How do you fuel inject an Escort? Well this will try to relate to all Escorts, 1100, 1300, 1600 2000, and twin cams. Lets start at the rear of the car, and one place where immediate difficulty will appear for road car escorts.

The fuel tank on a Mk1 for example has only 1 fuel out connection. On an efi car, you definitely require at least 1 fuel out and one fuel in on the tank. The fuel out, as you would guess, needs to be at the bottom of the tank, but I was informed that the fuel return MUST be into the top of the tank. I guess to stop a full tank of fuel from flowing down and filling up the surge tank. So how to fix this problem. Perhaps put a Mk2 drop tank into the Mk1. I believe this has a fuel return line incorporated into it, but I'm not sure it is at the bottom so this may not work. Another other option might be to put a T piece in the fuel filler neck. I haven't done this, but as a thought you could try it. Trying to buy a later model tank, and modifying the floor of the escort boot to fit it is an idea. Probably the best and easiest idea is to install a plastic or aluminium drop tank in the boot in place of the standard drop tank. This should have an upper and lower point for pick up and return. I guess for a road car you should see the relevant people about the legality of this.

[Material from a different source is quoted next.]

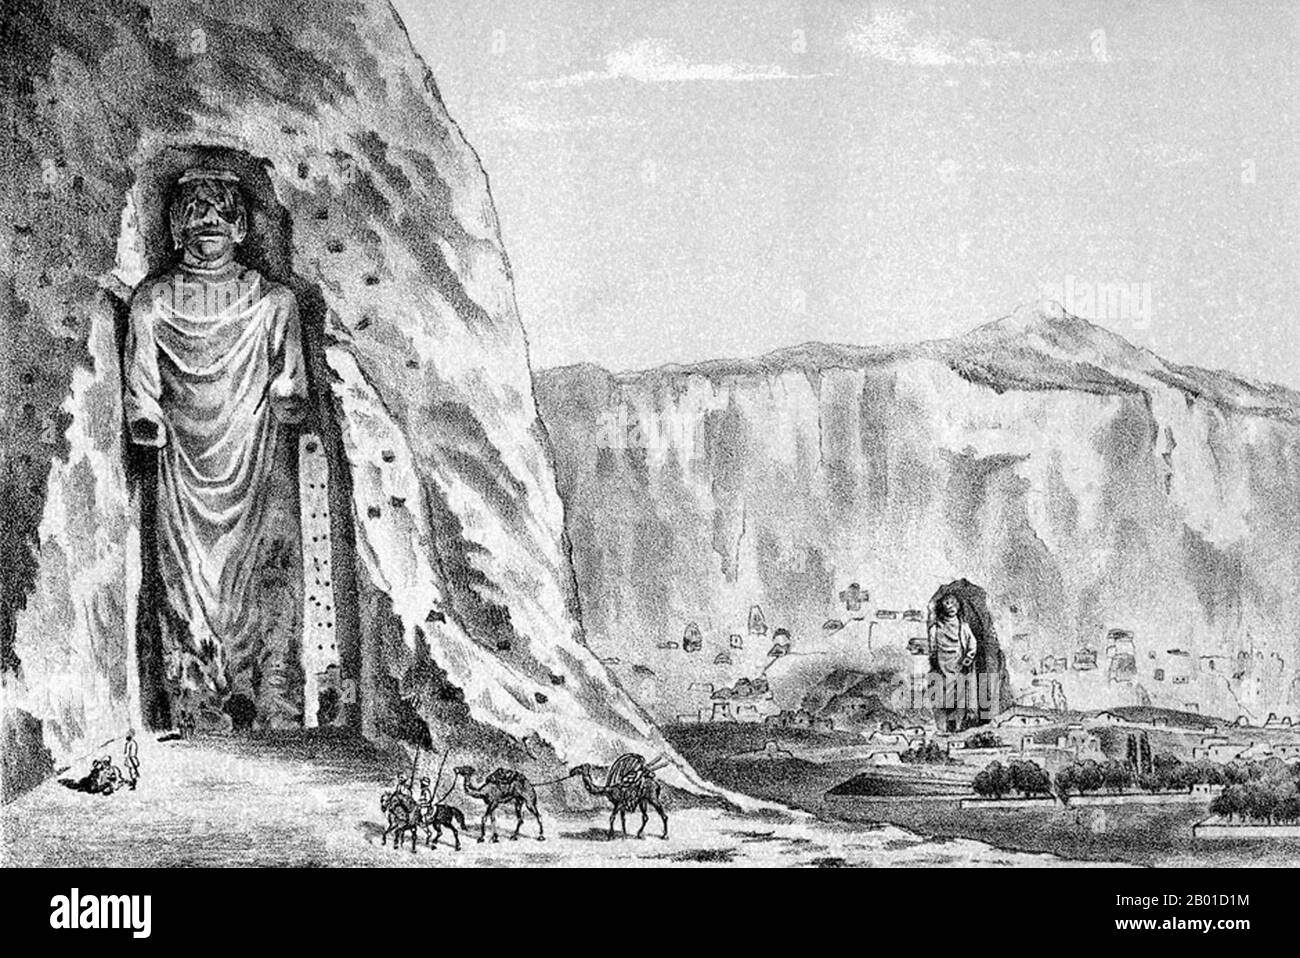 The Buddhas of Bamiyan were two 6th century monumental statues of standing Buddhas carved into the side of a cliff in the Bamiyan valley in the Hazarajat region of central Afghanistan, situated 230 km (143 miles) northwest of Kabul at an altitude of 2,500 meters (8,202 ft).  Built in 507 CE, the larger in 554 CE, the statues represented the classic blended style of Gandhara art. The main bodies were hewn directly from the sandstone cliffs, but details were modeled in mud mixed with straw, coated with stucco. This coating, practically all of which was worn away long ago, was painted to enhance Stock Photo

From here we work our way towards the front of the car. You must replace all of the fuel line in the car from the standard crap stuff(a good idea on all escorts) to other fuel hose. In this instance you will need to use the high pressure efi fuel line, not the standard stuff. Ensure that you also use the high pressure non cutting style hose clamps on the connections. You also need to purchase a few other items. Namely a high pressure efi pump, capable of at least 45psi. Bosch sell a few that will do the job(such as the VL Commodore efi 6 turbo one). You will need a low pressure pump also, something like a Holley blue or a Carter that pumps about 5psi would be fine. Next you need a good EFI fuel filter, you can perhaps get a non efi filter as well. Lastly for this section, you need to purchase a surge tank, this should be something like 1 litre, with 4 connections on it.

To fit all this stuff, try this for an escort. Mount the Holley blue fuel pump under the boot floor, behind the rear axle, along side the leaf springs. Run the fuel out from the bottom of the tank to the inlet side of the Holley blue. Put a fuel filter between the tank and the low pressure pump (we just put a high flow efi filter here instead of having 2). Mount the Swirl pot securely in the boot, keep in mind how you intend using the boot in the future when deciding placement. Run the out side of the low pressure pump to one of the upper inlets on the surge tank, buy running the hose through a hole drilled in the boot floor for the hose to run through. Ensure you use a grommet to seal the hole and protect the hose. Run another hose from the top return line on the Fuel tank directly to the other upper outlet on the surge tank. This is the return to the tank for when the swirl pot is full.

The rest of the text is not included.